Workflow 2: Moving books between shelves¶
Realized a book belongs in a different shelf?
Workflow 3: Using releases as sub-categories¶
You can use releases within a shelf for sub-organization:
# Add to a specific year
shelfctl shelve book.pdf \
--shelf research \
--release 2024 \
--title "Recent Paper"
# Add to archive
shelfctl shelve old-book.pdf \
--shelf programming \
--release archive \
--title "Old Book"
Workflow 4: Migrating from an existing collection¶
If you have books in another GitHub repo:
# Scan the old repo
shelfctl migrate scan --source your-username/old-books > queue.txt
# Edit queue.txt to add shelf mappings and metadata
# Migrate in batches
shelfctl migrate batch queue.txt --n 20 --continue
The --continue flag lets you resume if interrupted.
Workflow 5: Sharing books between users¶
If a friend also uses shelfctl:
# Import their programming shelf into yours
shelfctl import \
--from their-username/shelf-programming \
--shelf imported-books
This copies books from their catalog to yours (requires their repos to be public or you to have access).
Tips¶
Tip 1: Use consistent IDs¶
The --id flag lets you control book IDs.

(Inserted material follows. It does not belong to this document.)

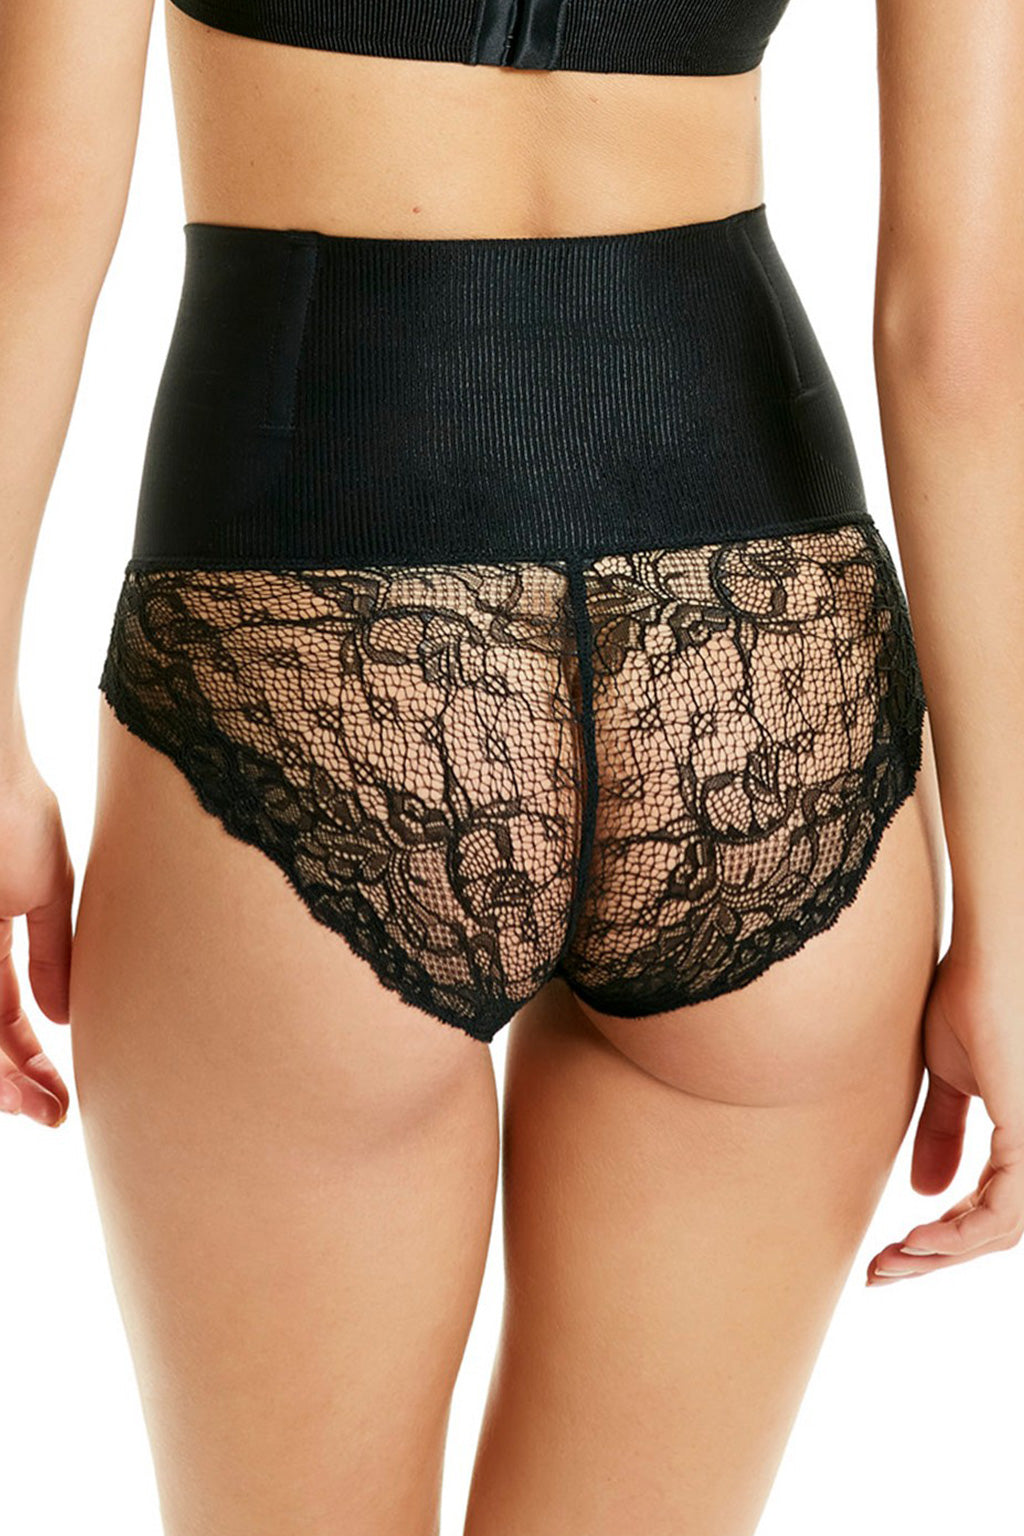 Brazilian SHADES Lace Panties Waist Corset

Good practices:
- Use lowercase with hyphens:
effective-go - Keep them short but meaningful
- For academic papers, use citation keys:
smith2024-neural-nets - For ISBNs:
isbn-9780262033848
Tip 2: Enable shell completion¶
Set up autocompletion for faster command typing:
# Bash (add to ~/.bashrc)
source <(shelfctl completion bash)
# Zsh (add to ~/.zshrc)
source <(shelfctl completion zsh)
# Fish
shelfctl completion fish > ~/.config/fish/completions/shelfctl.fish
This enables tab completion for commands, flags, and shelf names.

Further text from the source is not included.